WORK ITEM. Repeat the data in full. Drop every picture.
------ DATA SECTION
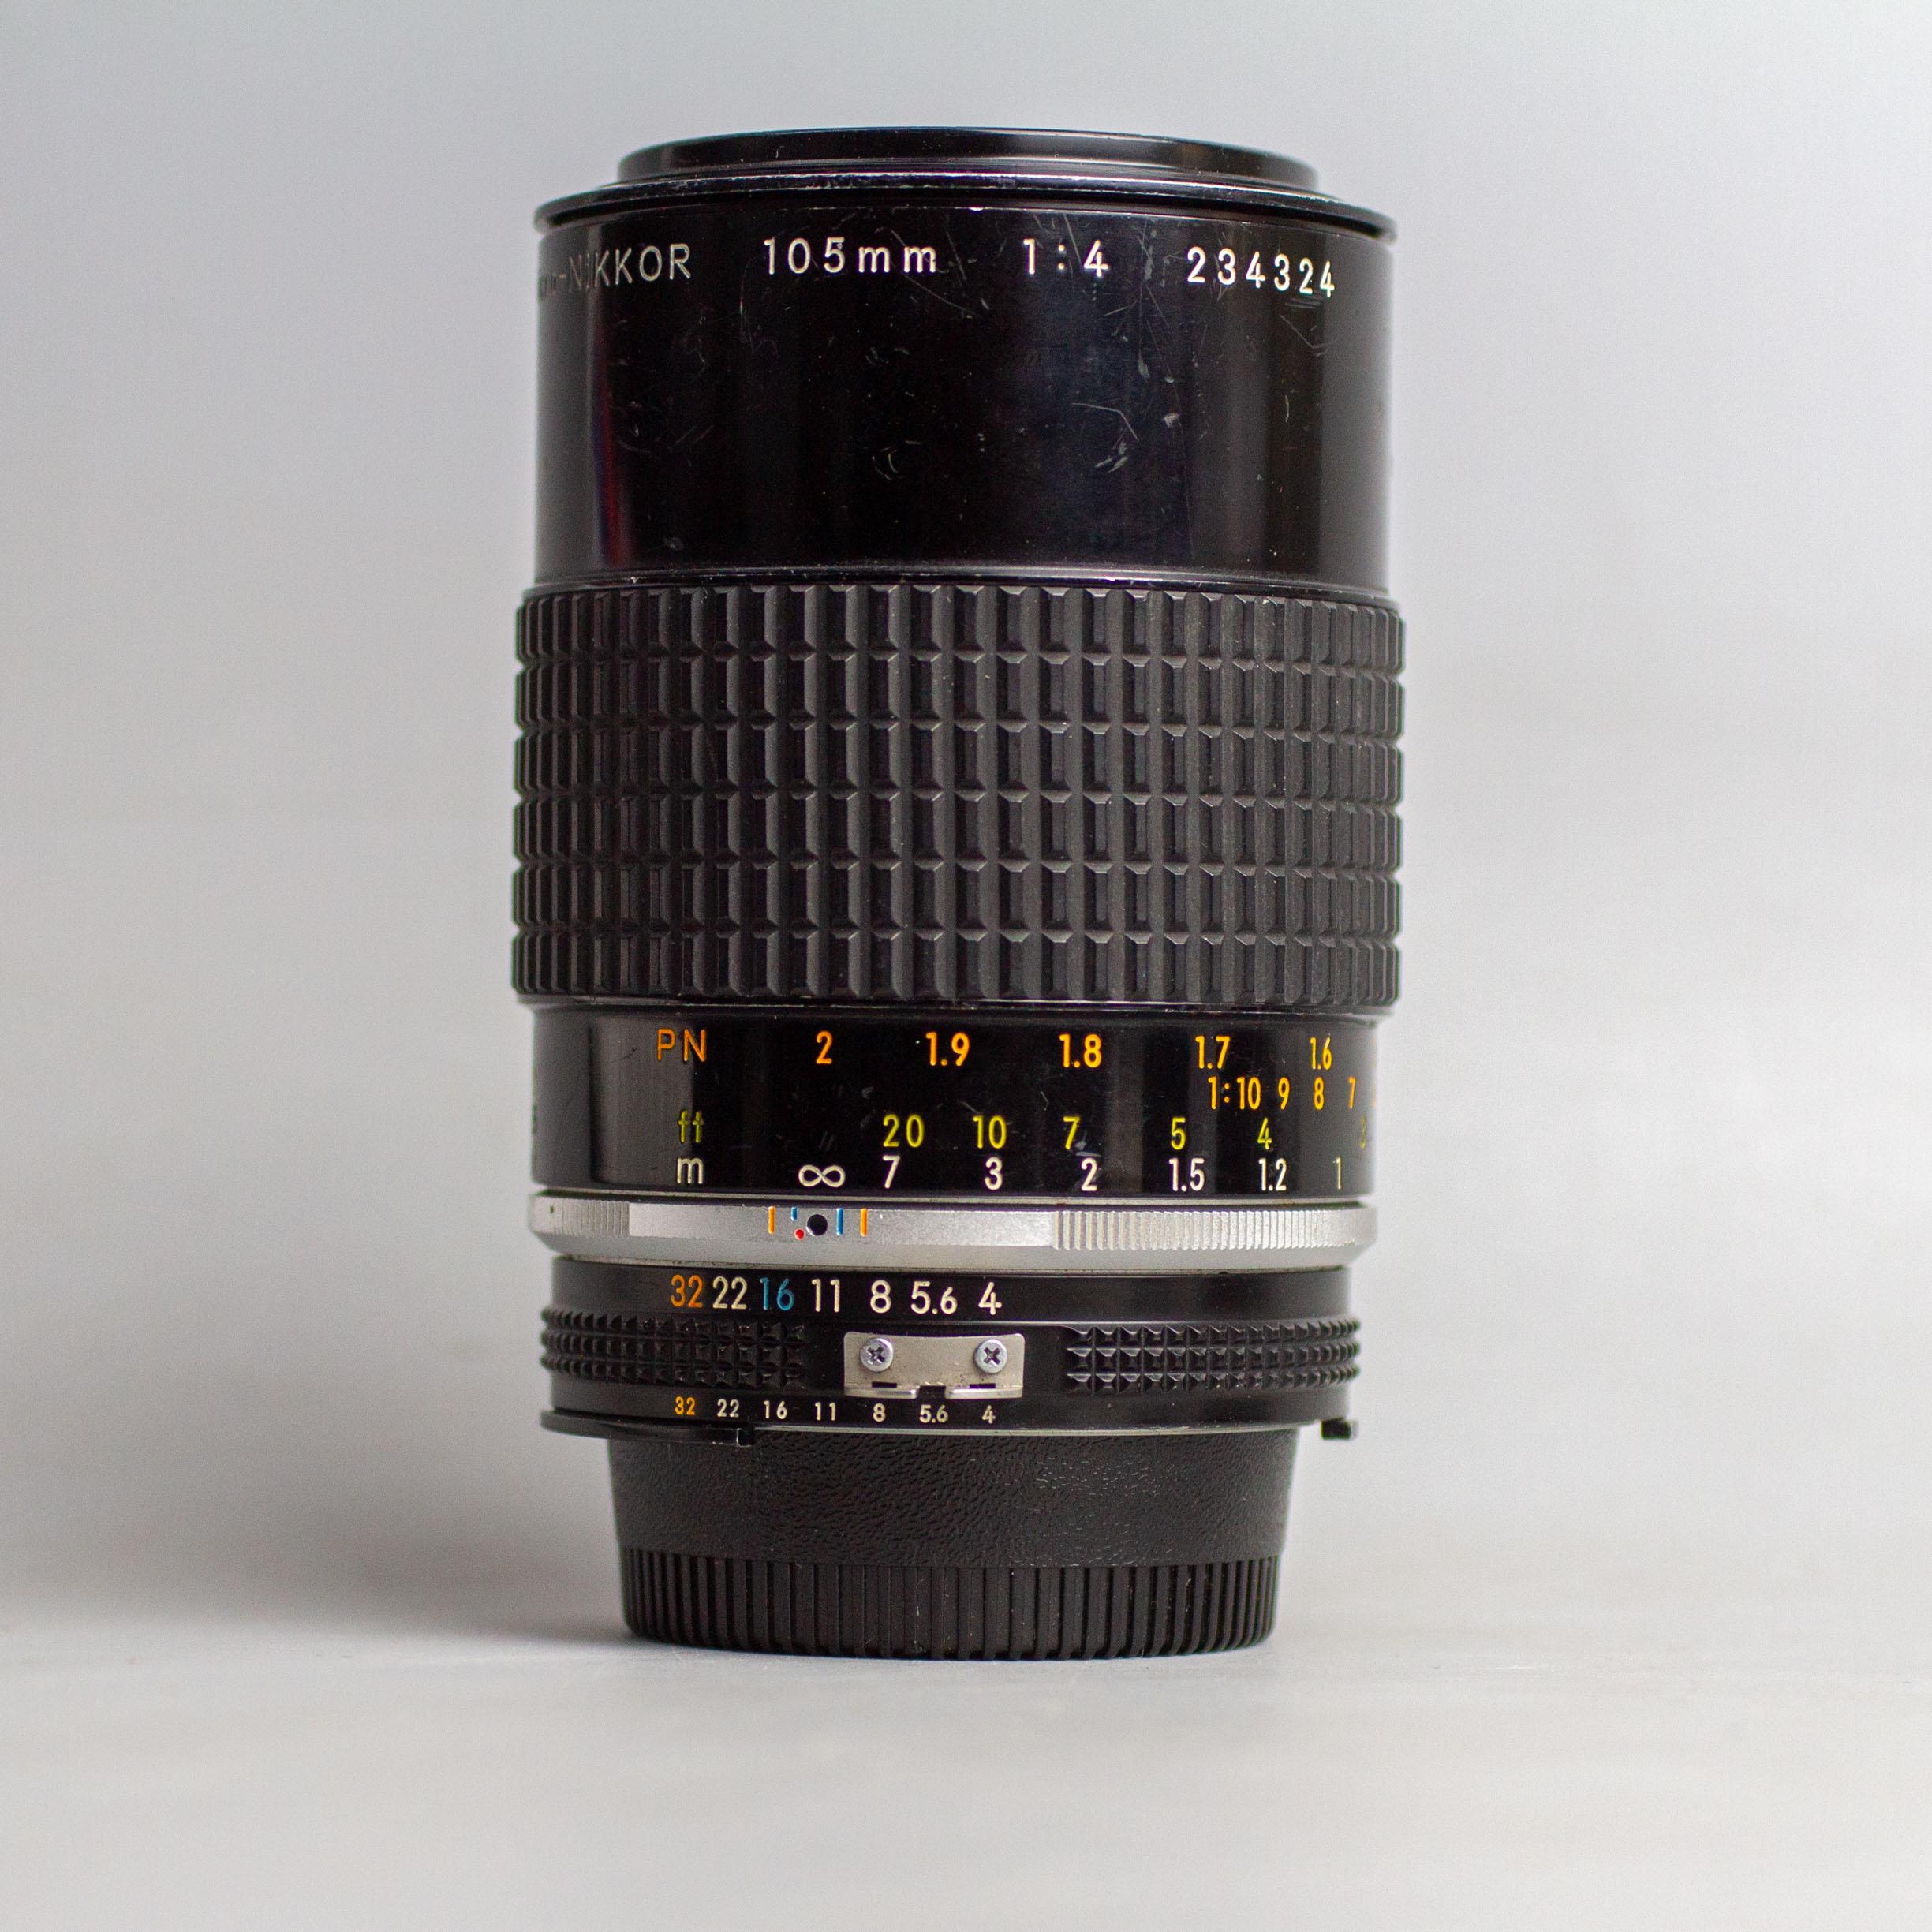 nikon-mf-105mm-f4-0-ais-macro-1-2-105-4-0-16932
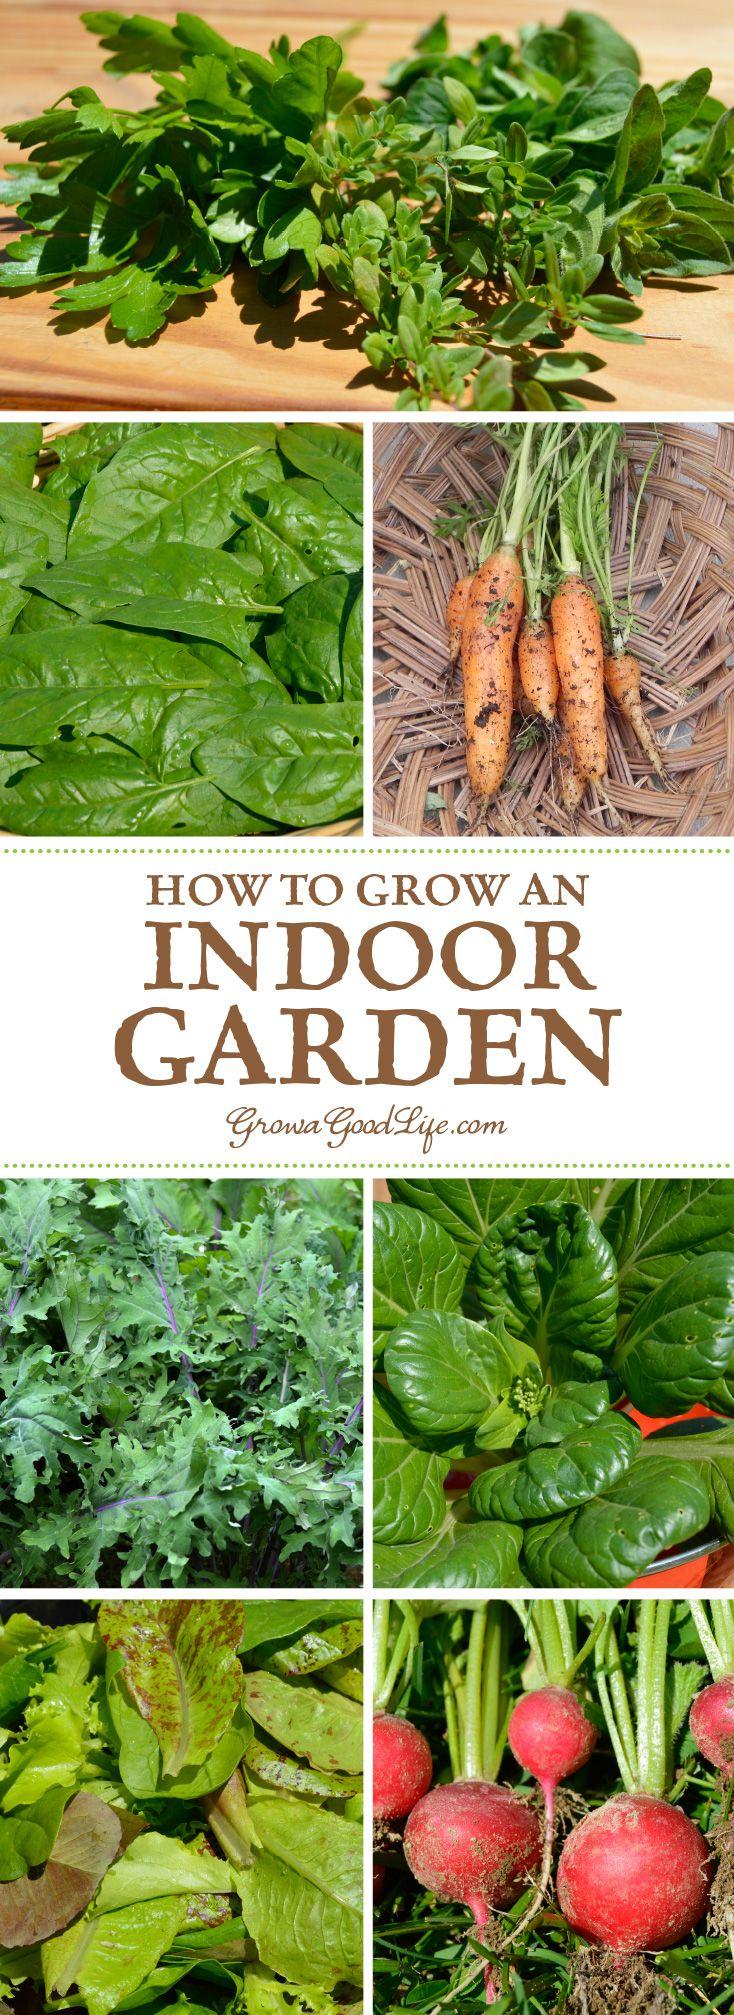 How To Grow An Indoor Garden Vegetable Garden Indoor 400 x 300
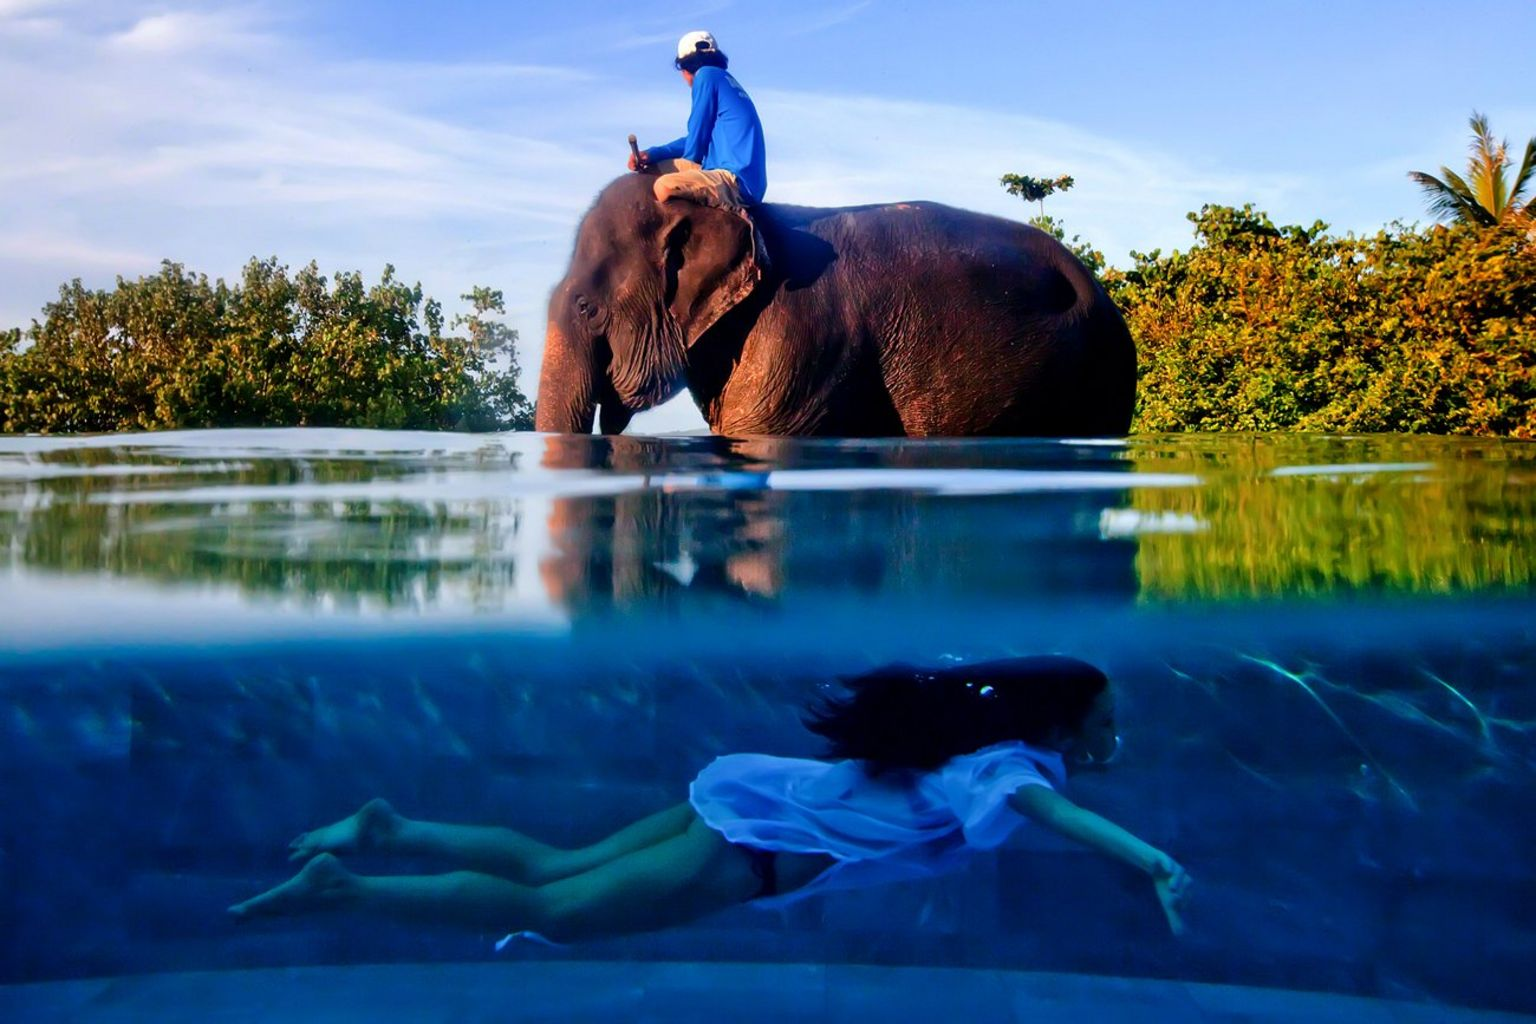 Elephant - Phuket, Thailand
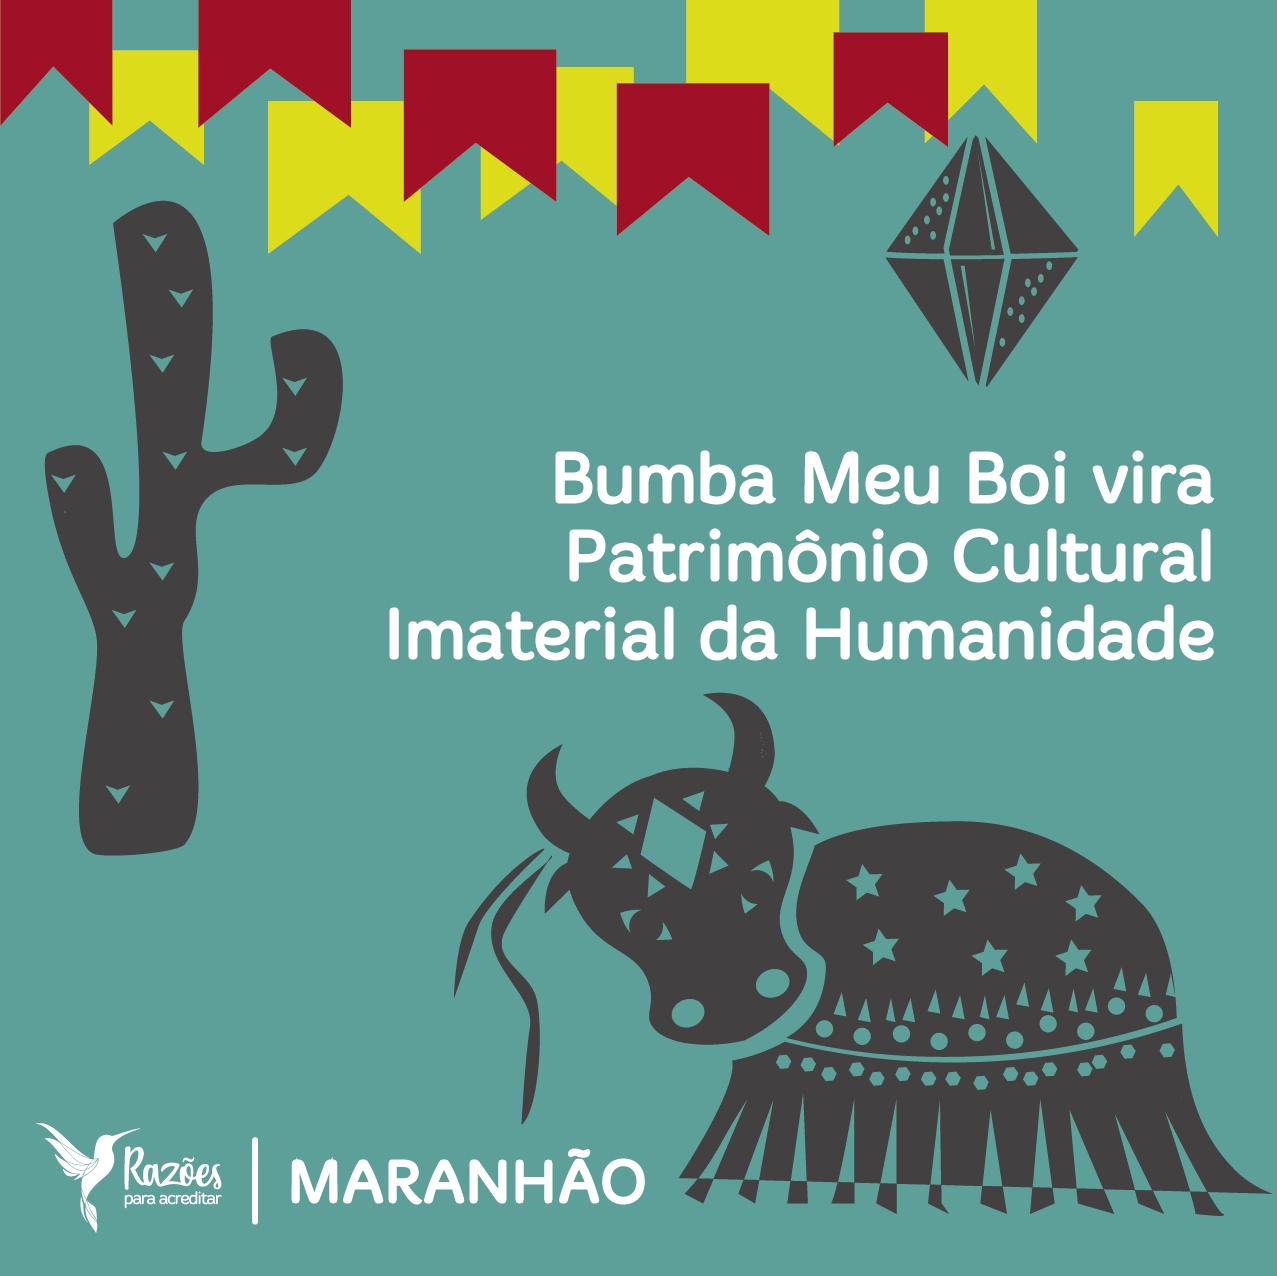 boas notícias ilustrações razões para acreditar - Maranhão
------------
ANSWER FOR THIS EXERCISE.
 nikon-mf-105mm-f4-0-ais-macro-1-2-105-4-0-16932
 How To Grow An Indoor Garden Vegetable Garden Indoor 400 x 300
 Elephant - Phuket, Thailand
 boas notícias ilustrações razões para acreditar - Maranhão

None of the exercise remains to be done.